**Exercise aim**.
Which lines run from the one containing "Cartier Santos Dumont" to the end of the entries? Quote them exactly, and nothing else.

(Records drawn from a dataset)
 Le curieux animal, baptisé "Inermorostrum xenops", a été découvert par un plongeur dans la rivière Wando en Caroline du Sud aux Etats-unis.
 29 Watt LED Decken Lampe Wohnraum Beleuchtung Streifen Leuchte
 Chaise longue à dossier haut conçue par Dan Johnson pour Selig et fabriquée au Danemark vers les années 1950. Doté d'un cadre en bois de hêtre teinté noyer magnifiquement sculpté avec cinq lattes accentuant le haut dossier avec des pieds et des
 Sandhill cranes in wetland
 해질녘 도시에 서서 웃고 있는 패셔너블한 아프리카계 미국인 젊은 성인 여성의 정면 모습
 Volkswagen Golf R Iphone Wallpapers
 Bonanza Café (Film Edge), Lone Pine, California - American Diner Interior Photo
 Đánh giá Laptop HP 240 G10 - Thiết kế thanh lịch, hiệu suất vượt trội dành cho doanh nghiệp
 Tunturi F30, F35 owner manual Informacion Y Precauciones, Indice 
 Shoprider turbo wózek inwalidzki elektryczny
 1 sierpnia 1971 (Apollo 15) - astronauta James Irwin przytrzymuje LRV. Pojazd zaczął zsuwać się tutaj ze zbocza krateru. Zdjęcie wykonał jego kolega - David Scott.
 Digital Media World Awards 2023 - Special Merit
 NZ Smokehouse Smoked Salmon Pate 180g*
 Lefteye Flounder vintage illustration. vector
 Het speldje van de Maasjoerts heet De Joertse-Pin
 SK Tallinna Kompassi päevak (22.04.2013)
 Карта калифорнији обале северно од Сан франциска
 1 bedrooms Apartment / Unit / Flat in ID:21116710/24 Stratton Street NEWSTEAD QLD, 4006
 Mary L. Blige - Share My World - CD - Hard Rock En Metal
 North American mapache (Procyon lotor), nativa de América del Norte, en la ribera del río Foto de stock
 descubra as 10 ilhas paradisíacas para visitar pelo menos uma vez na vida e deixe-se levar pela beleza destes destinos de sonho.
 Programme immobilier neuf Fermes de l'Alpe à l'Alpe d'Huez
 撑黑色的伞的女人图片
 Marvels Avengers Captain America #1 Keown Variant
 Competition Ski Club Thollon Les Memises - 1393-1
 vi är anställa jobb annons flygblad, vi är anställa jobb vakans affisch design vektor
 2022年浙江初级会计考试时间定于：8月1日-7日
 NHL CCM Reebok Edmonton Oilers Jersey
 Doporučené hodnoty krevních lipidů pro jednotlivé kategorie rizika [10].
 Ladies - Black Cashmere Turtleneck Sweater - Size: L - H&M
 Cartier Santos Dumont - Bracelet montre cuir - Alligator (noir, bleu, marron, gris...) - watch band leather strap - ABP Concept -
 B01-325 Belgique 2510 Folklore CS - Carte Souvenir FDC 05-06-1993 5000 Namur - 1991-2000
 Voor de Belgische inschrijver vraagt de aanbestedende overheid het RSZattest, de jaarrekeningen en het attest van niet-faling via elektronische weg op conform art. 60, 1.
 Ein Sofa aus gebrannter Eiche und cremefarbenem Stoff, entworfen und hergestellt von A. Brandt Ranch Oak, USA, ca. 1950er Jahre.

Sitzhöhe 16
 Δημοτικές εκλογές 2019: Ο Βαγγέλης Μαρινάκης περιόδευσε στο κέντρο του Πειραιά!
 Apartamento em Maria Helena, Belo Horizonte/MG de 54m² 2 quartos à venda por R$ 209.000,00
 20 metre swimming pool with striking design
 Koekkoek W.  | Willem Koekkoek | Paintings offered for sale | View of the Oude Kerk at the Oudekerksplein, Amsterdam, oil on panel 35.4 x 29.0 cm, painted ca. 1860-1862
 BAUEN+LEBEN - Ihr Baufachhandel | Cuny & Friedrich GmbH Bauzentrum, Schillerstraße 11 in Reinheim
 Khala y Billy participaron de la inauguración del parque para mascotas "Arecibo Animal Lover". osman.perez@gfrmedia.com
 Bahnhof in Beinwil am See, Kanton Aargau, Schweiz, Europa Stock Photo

**Written reply**.
 Cartier Santos Dumont - Bracelet montre cuir - Alligator (noir, bleu, marron, gris...) - watch band leather strap - ABP Concept -
 B01-325 Belgique 2510 Folklore CS - Carte Souvenir FDC 05-06-1993 5000 Namur - 1991-2000
 Voor de Belgische inschrijver vraagt de aanbestedende overheid het RSZattest, de jaarrekeningen en het attest van niet-faling via elektronische weg op conform art. 60, 1.
 Ein Sofa aus gebrannter Eiche und cremefarbenem Stoff, entworfen und hergestellt von A. Brandt Ranch Oak, USA, ca. 1950er Jahre.

Sitzhöhe 16
 Δημοτικές εκλογές 2019: Ο Βαγγέλης Μαρινάκης περιόδευσε στο κέντρο του Πειραιά!
 Apartamento em Maria Helena, Belo Horizonte/MG de 54m² 2 quartos à venda por R$ 209.000,00
 20 metre swimming pool with striking design
 Koekkoek W.  | Willem Koekkoek | Paintings offered for sale | View of the Oude Kerk at the Oudekerksplein, Amsterdam, oil on panel 35.4 x 29.0 cm, painted ca. 1860-1862
 BAUEN+LEBEN - Ihr Baufachhandel | Cuny & Friedrich GmbH Bauzentrum, Schillerstraße 11 in Reinheim
 Khala y Billy participaron de la inauguración del parque para mascotas "Arecibo Animal Lover". osman.perez@gfrmedia.com
 Bahnhof in Beinwil am See, Kanton Aargau, Schweiz, Europa Stock Photo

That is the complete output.